Воздух был ясен и прохладен как метафорическая фигура
в античном трактате. Вино утра — свет, смешанный
с дымчатой водой, — вливалось в прозрачную чашу
бухты, с отбитым боком древнего волнолома.
Во времена расцвета это был порт
столицы Саронской долины, увядшей,
когда Ирод построил Кейсарию.
А сейчас мы,
в легком ознобе после бессонной ночи, продолжаем
литературный разговор, начатый ранним вечером накануне.
Водка и мясо сменились к полуночи на кофе и сигареты,
друзья разъехались, жены уснули в саду,
одна в гамаке, другая в шезлонге...
Разговор
о родной литературе, о соратниках и соперниках, о том,
что это одно и то же, об их достижениях, о содержательности и
состязательности, об атлетах-демагогах из следующего поколения,
о лукавых стилизаторах из предыдущего — перетек к середине
ночи, когда движение времени зависло в черной глубине и ни
оттенка синевы уже не осталось и еще не проявилось, —
в медитацию о книгах, стихах, о сближении поэтик,
а к утру — на комические эпизоды общения
с инстанциями советской литературы
позднего застоя. Кажется,
я начинаю любить море.
Никогда не любил. Моя вода, с детства — торфяные пруды
Подмосковья. От двух-трех заездов на Черное море осталось
тяжкое чувство духоты, толпы, погруженности в поток чужих сил
и физиологии, — как от залитой потом электрички в июле. И море,
яркое, яростное даже в покое, другое – лишь усиливало
желание вернуться к темным ледяным омутам,
где слышен даже шорох стрекоз.
Но вот сейчас,
когда литературный разговор, то,
чем мы на самом деле жили всю жизнь,
в клубах и домашних салонах, дачными вечерами
под Солнечногорском и в Кратово, зимними ночами
на Ярославском или Каширском шоссе, — слился
с мягким хоровым рефреном светлых волн, — всё
ожило, задышало, заиграло, вернулось,
в это утро, в Леванте.

 

Герои «Своего времени» очень литературоцентричны. Видимо, можно сказать, что сам жанр «Своего времени» — литературный разговор. Альманах «Эпсилон-салон» возник из общения, из бесконечного разговора о литературе нескольких человек. Стал как бы овеществленной формой этого разговора. Это и осталось чуть ли не единственным реальным, предметным, что было в тогдашней жизни — кроме собственно текстов. Общая форма существования. Нечто среднее между чеховской дачей (переходное время, между «укладами» и сознаниями, промежуточность, ускользание времени между пальцами...) — и «шарашкой» (любимое дело, но в тюремных условиях)…

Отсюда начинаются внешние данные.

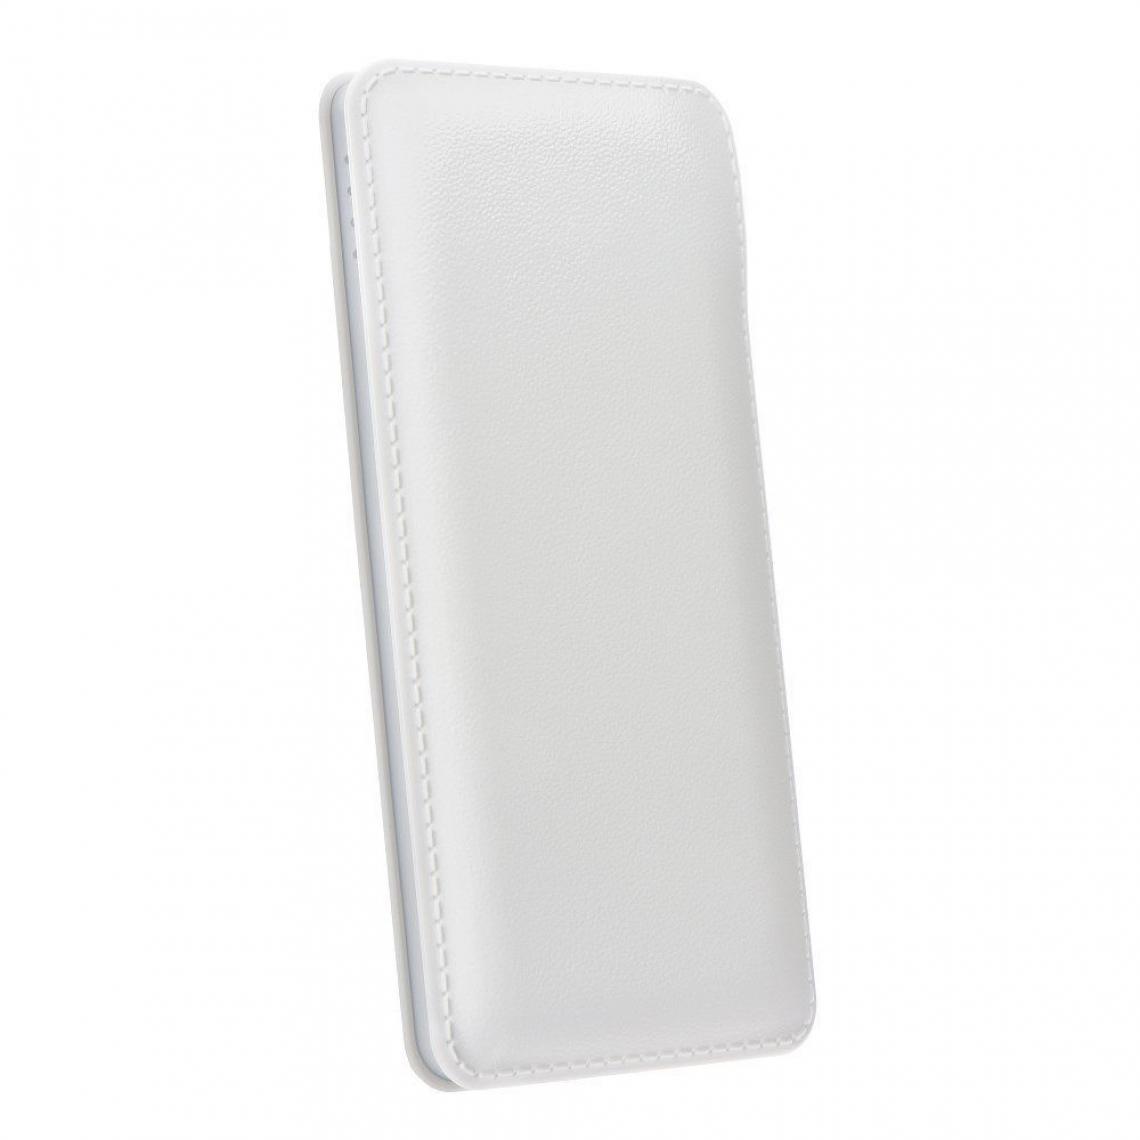 Ozzzo - Chargeur batterie externe 30000 mAh powerbank ozzzo blanc pour Xiaomi Redmi Y2 - Autres accessoires smartphone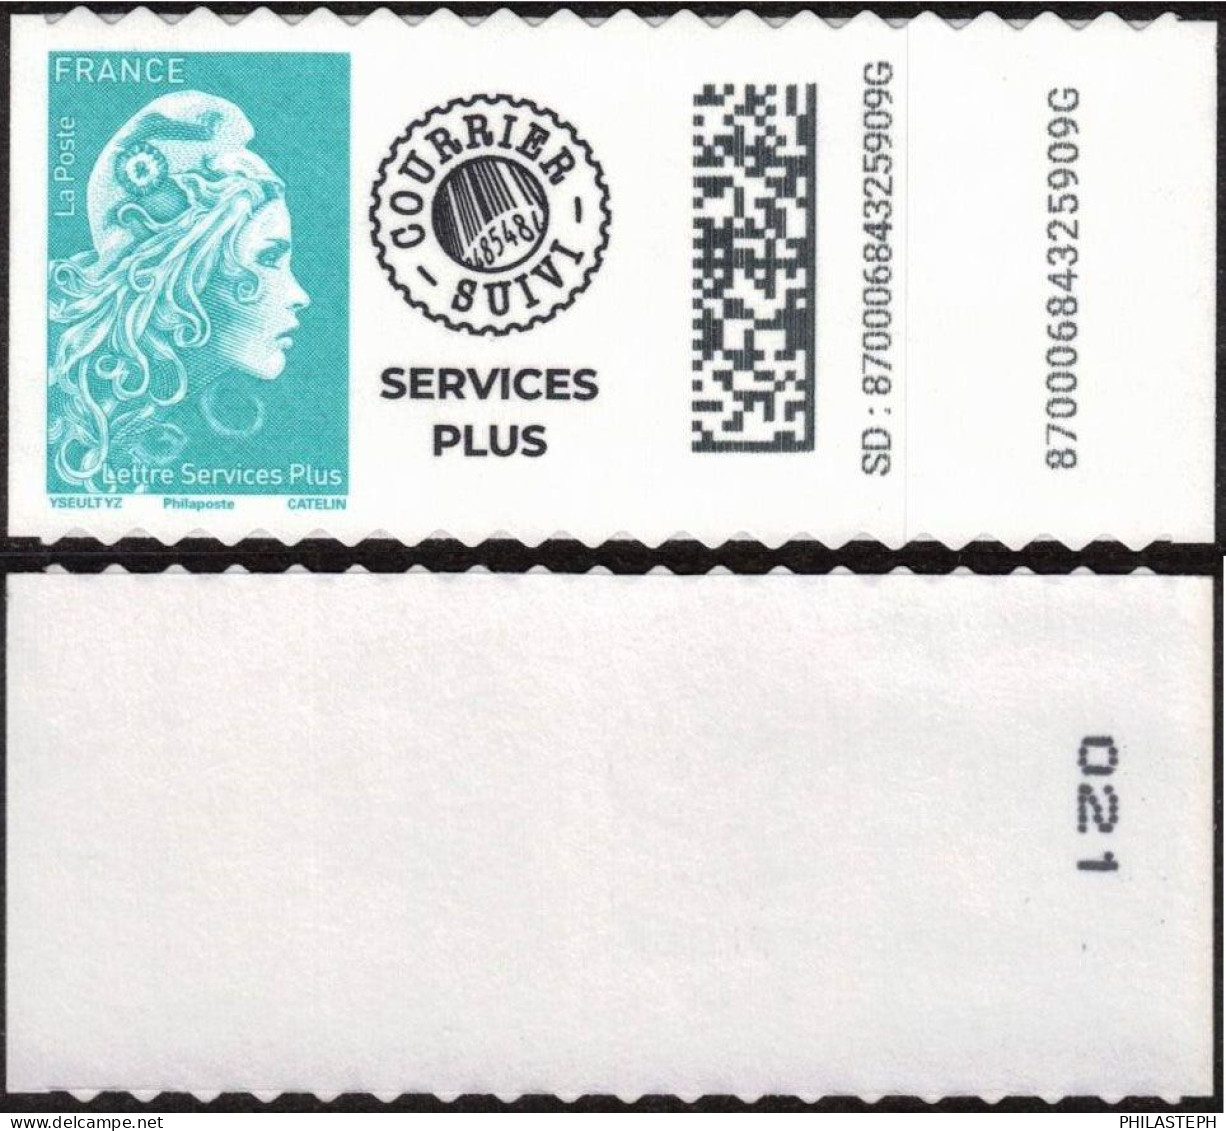 FRANCE 2023 - Marianne L'Engagée Adhésif - LETTRE SERVICES PLUS  Issu De ROULETTE De 300  - YT 2227 Neuf - Unused Stamps

В главе, посвященной кругу альманаха «Эпсилон-салон», внимание сконцентрировано на антропологии «литературного диссидентства». Оно в известном смысле было «шире» политического диссидентства. Мы отказывались от любого соотношения, от любого «анти», предполагающего нахождение в одной плоскости с тем, что отрицается. И манифестировали построение пространства для альтернативной жизни, свободной от связей не только с подсоветским, но и с социальным миром вообще. Как это было — читайте «Свое время».